Ensure that SSL Orchestrator is using the correct management address for synchronization. From the BIG-IP command line, enter the following:

restcurl shared/resolver/device-groups /tm-shared-all-big-ips/devices

Verify that the output is the same on both devices. Specifically, observe the following:

“address”: “10.1.10.100”

“managementAddress”: “10.1.1.4”

The “address” value corresponds to the configSync IP configuration, and the “managementAddress” corresponds to the management IP address of each device in the device group. If the values are not as listed above, correct the configSync and management IP configurations in the BIG-IP system HA settings.

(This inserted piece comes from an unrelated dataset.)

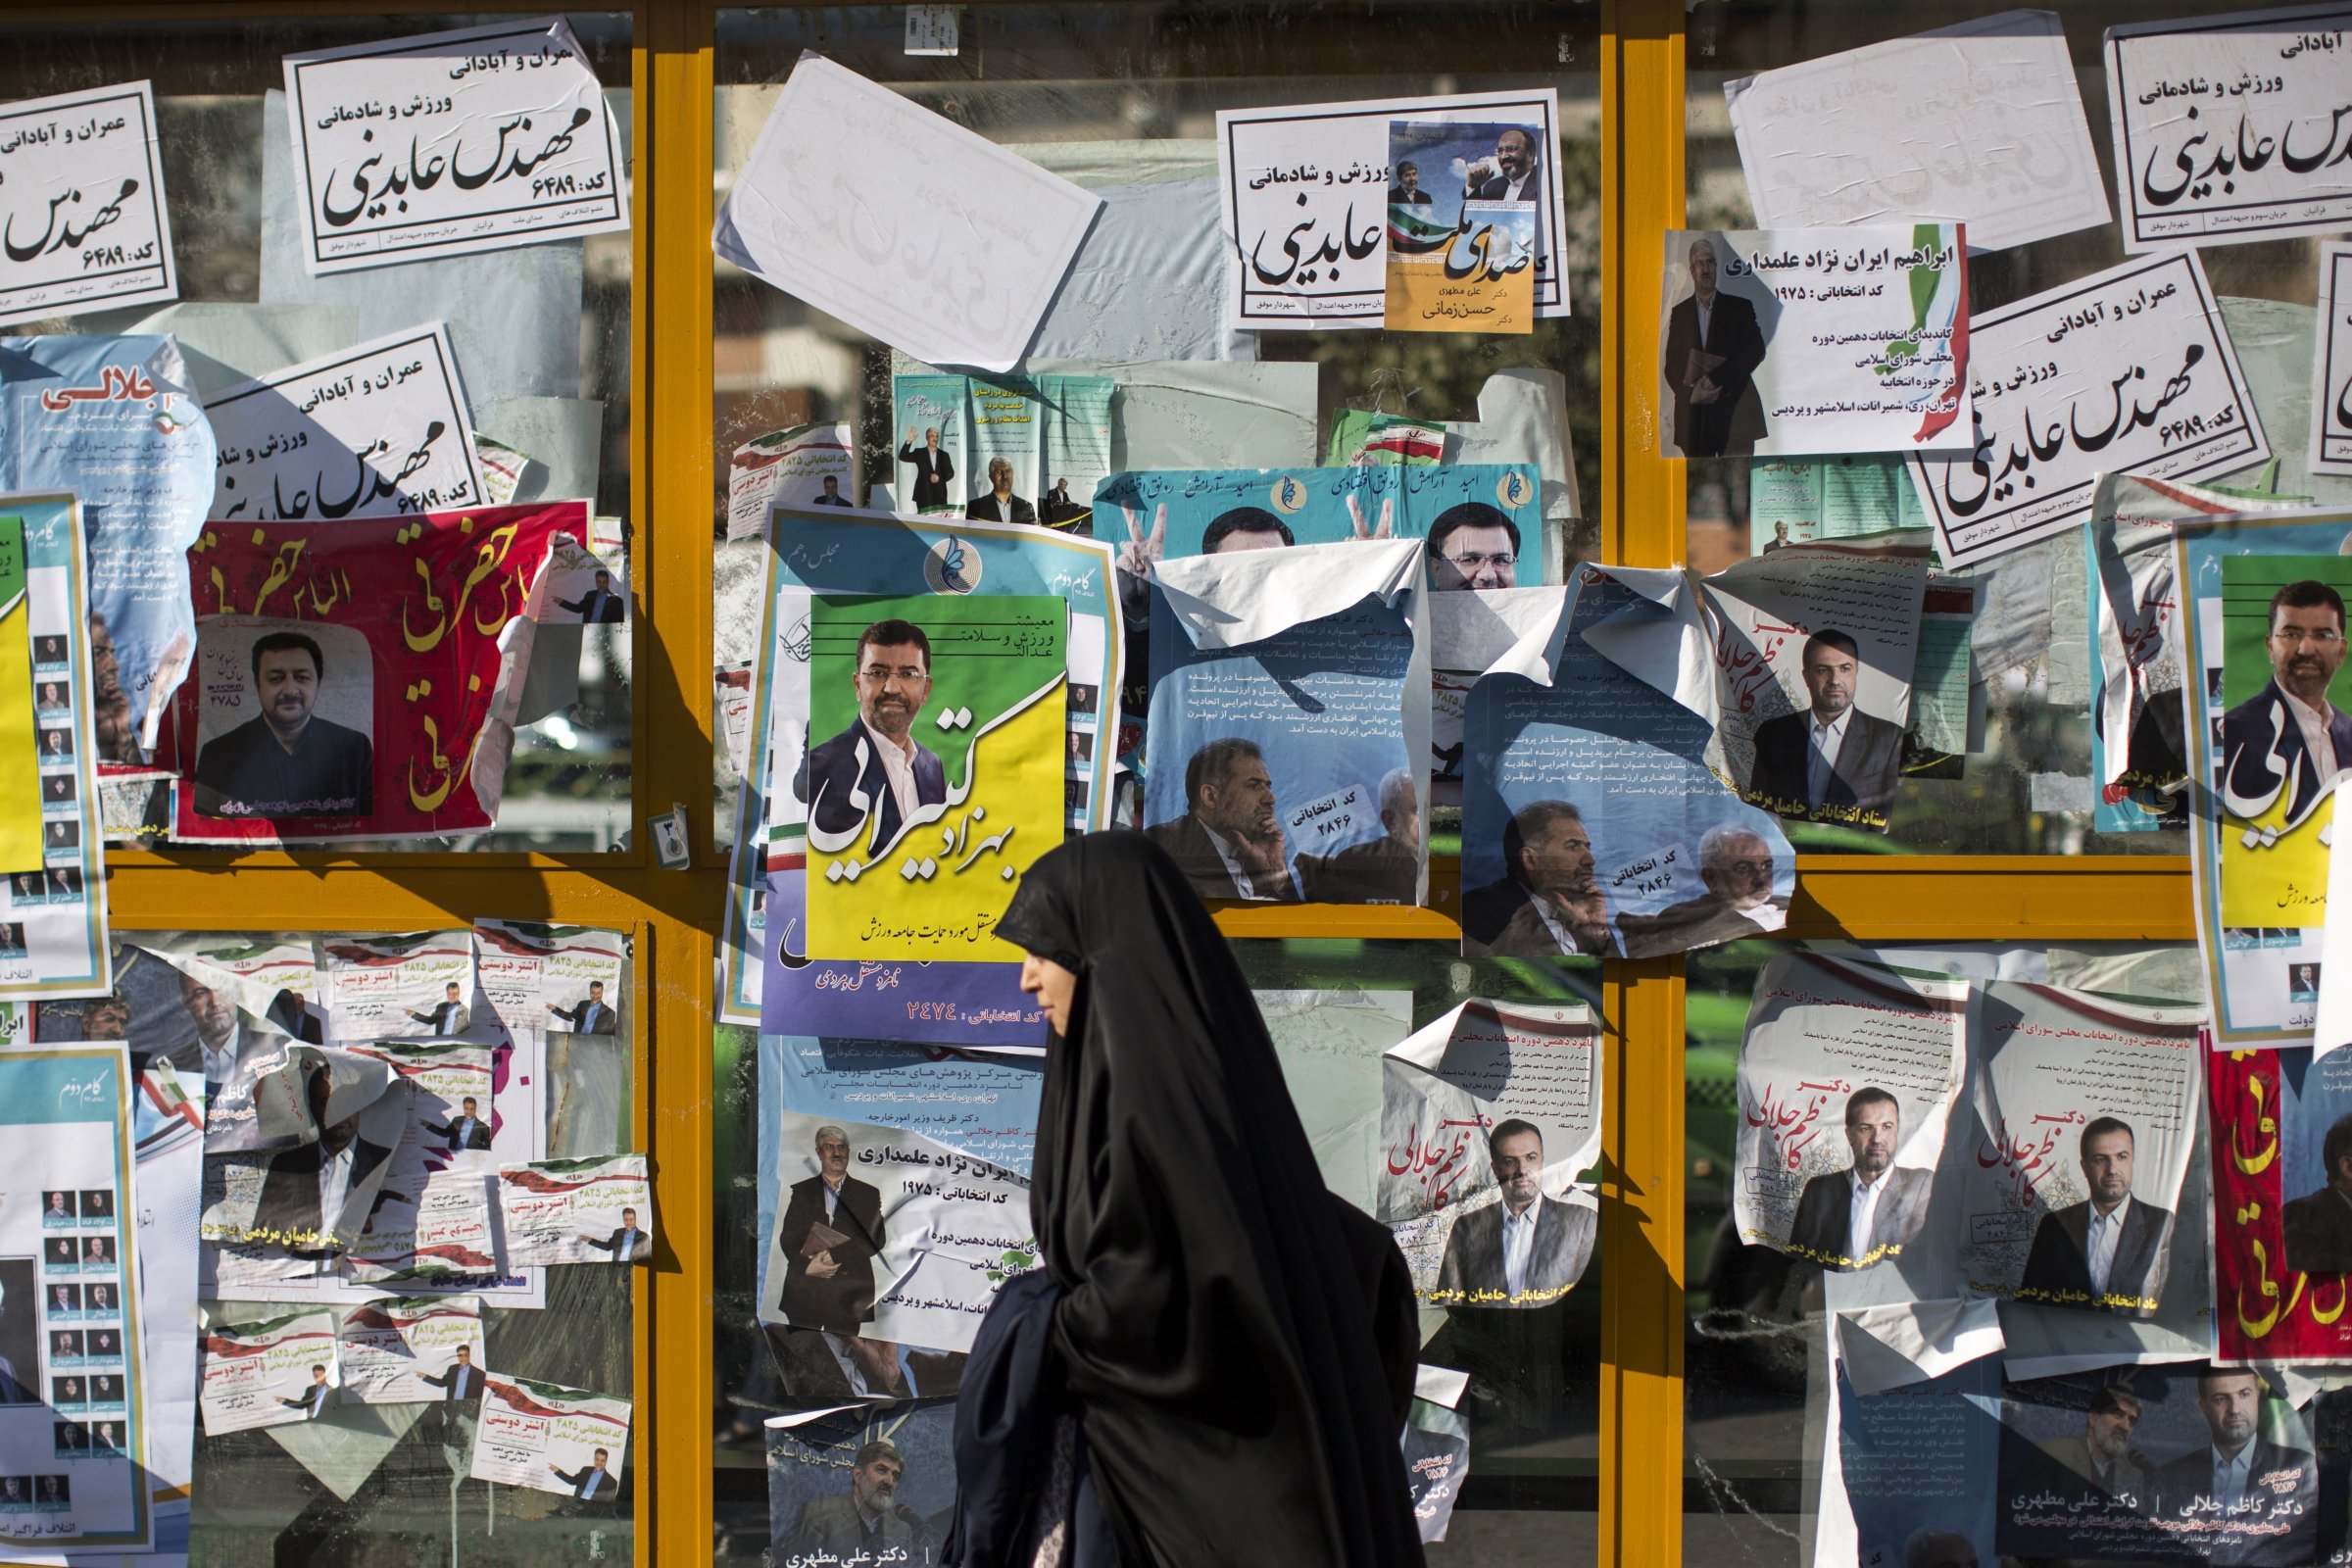 An Iranian woman walks past electoral posters for upcoming parliamentary elections in downtown Tehran on Feb. 25, 2016.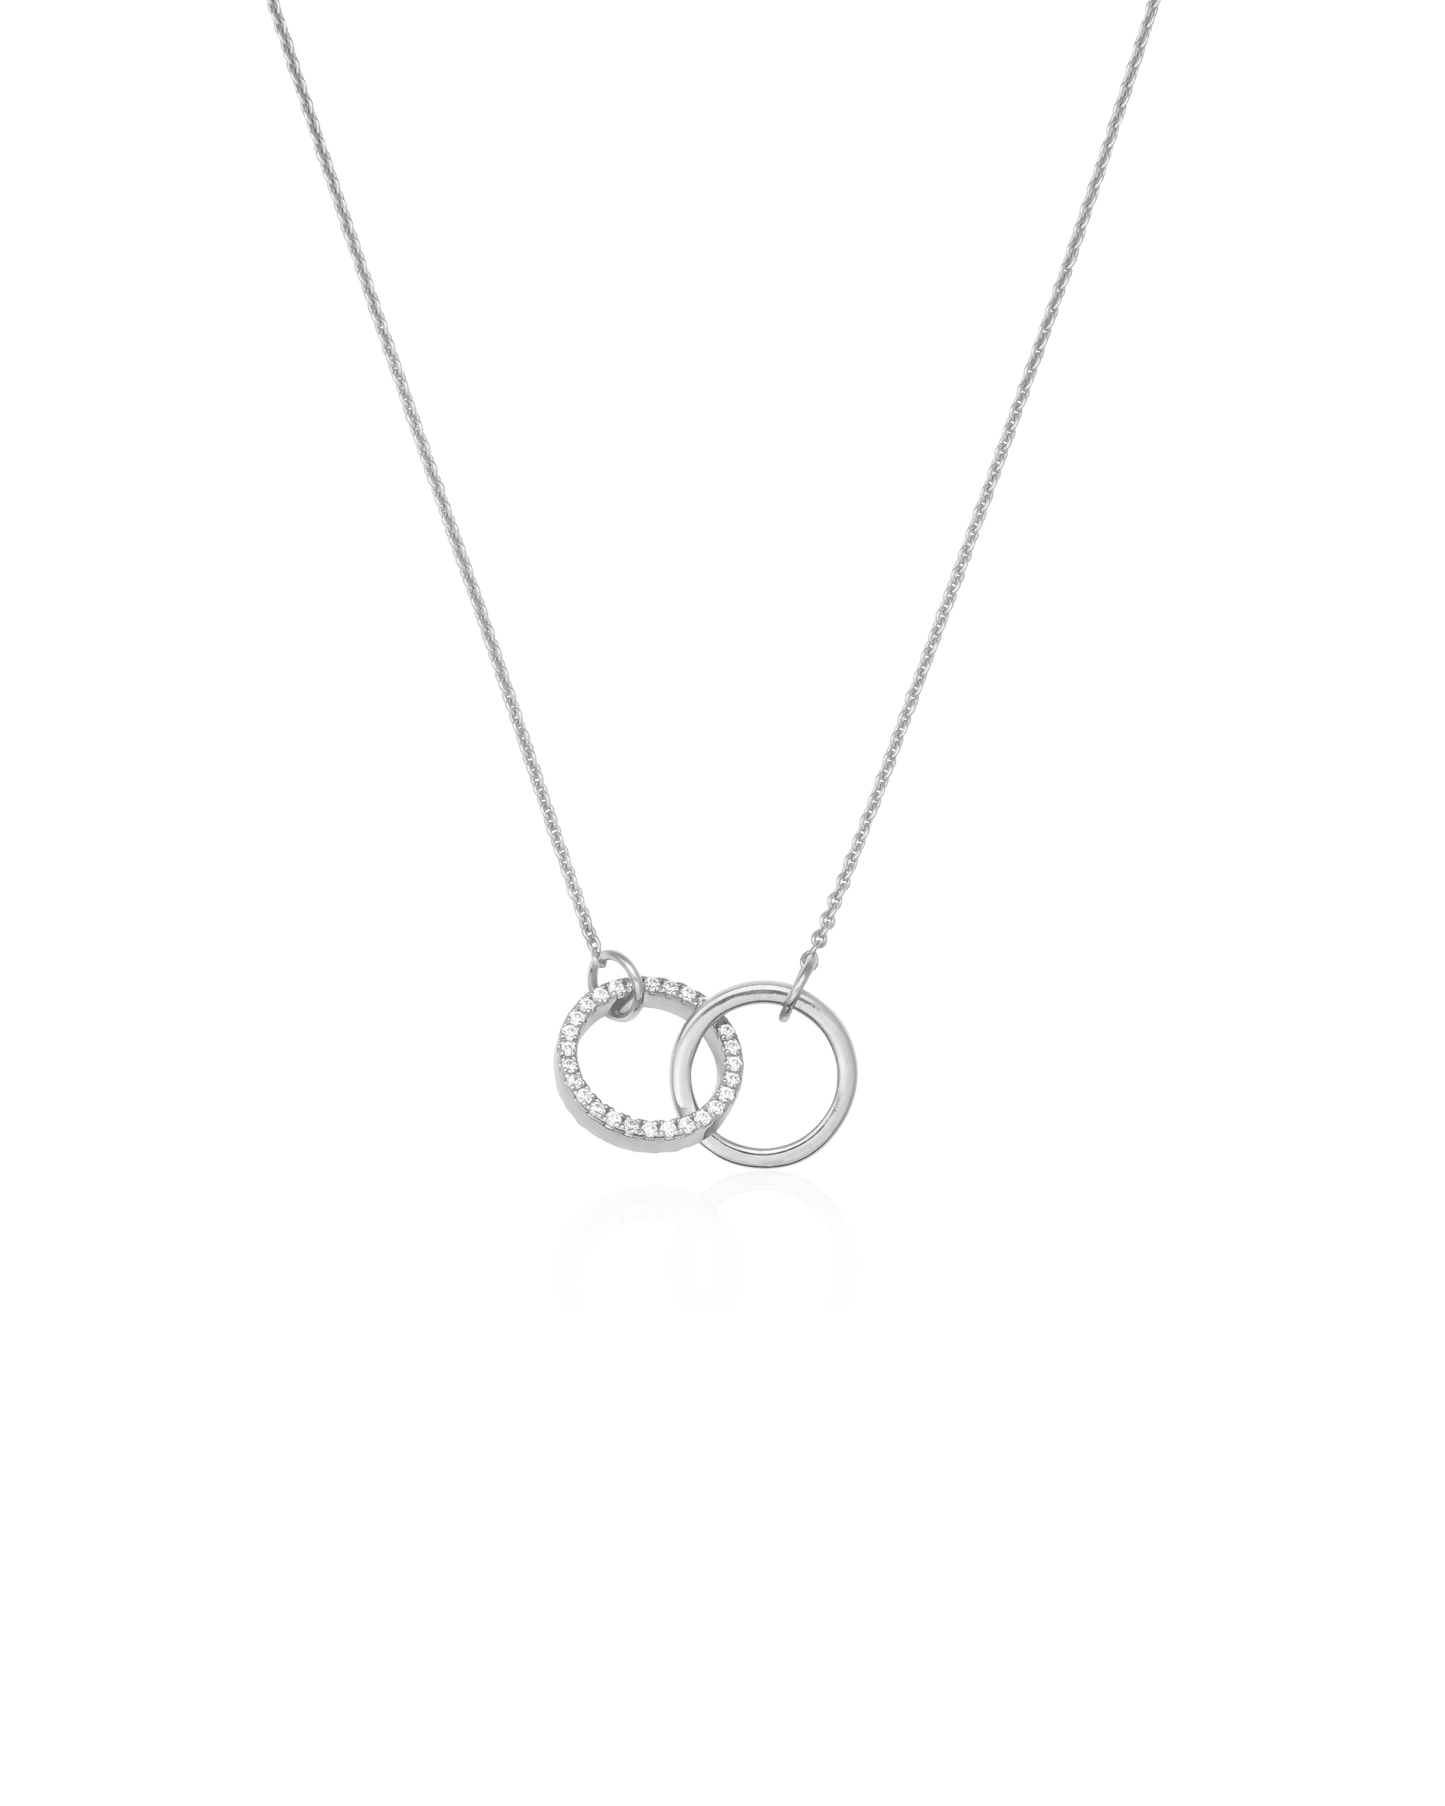 Interlocking Necklace - 925 Sterling Silver Necklaces magal-dev Small 14"- 16"

If gossip shows “UNPAIRED”, you may need to do the following on both devices:

Delete existing device information

restcurl -X DELETE shared/resolver/device-groups /tm-shared-all-bigips/devices

Force updating

restcurl -X POST -d ‘{}’ tm/shared/bigip-failover-state
Application ID

Check the value of the application ID on each device. From the BIG-IP command line, enter the following:

curl -sku ‘admin:admin’ https://localhost/mgmt/shared /iapp/global-installed-packages |jq

Replace “admin:admin” with the correct administrative username and password. In the output, verify that the ID value is the same on both devices. If they are not, delete all SSL Orchestrator configurations, uninstall the RPM, and re-install.

Failover state

The BIG-IP Failover worker detects device group and failover settings on the BIG-IP by continually polling these settings. It uses the REST framework’s Gossip mechanism to replicate configuration. Verify the failover state by entering the following on the BIG-IP command line:

restcurl tm/shared/bigip-failover-state

Observe the output and verify that values are the same (except for the “failoverState”, which should be “active” or “standby” on the active and standby peers, respectively). If the output values are not the same, trigger the Failover worker with the following command:

restcurl -X POST -d ‘{}’ tm/shared/bigip-failover-state

If the above fails, delete all SSL Orchestrator configurations, uninstall the RPM, and re-install.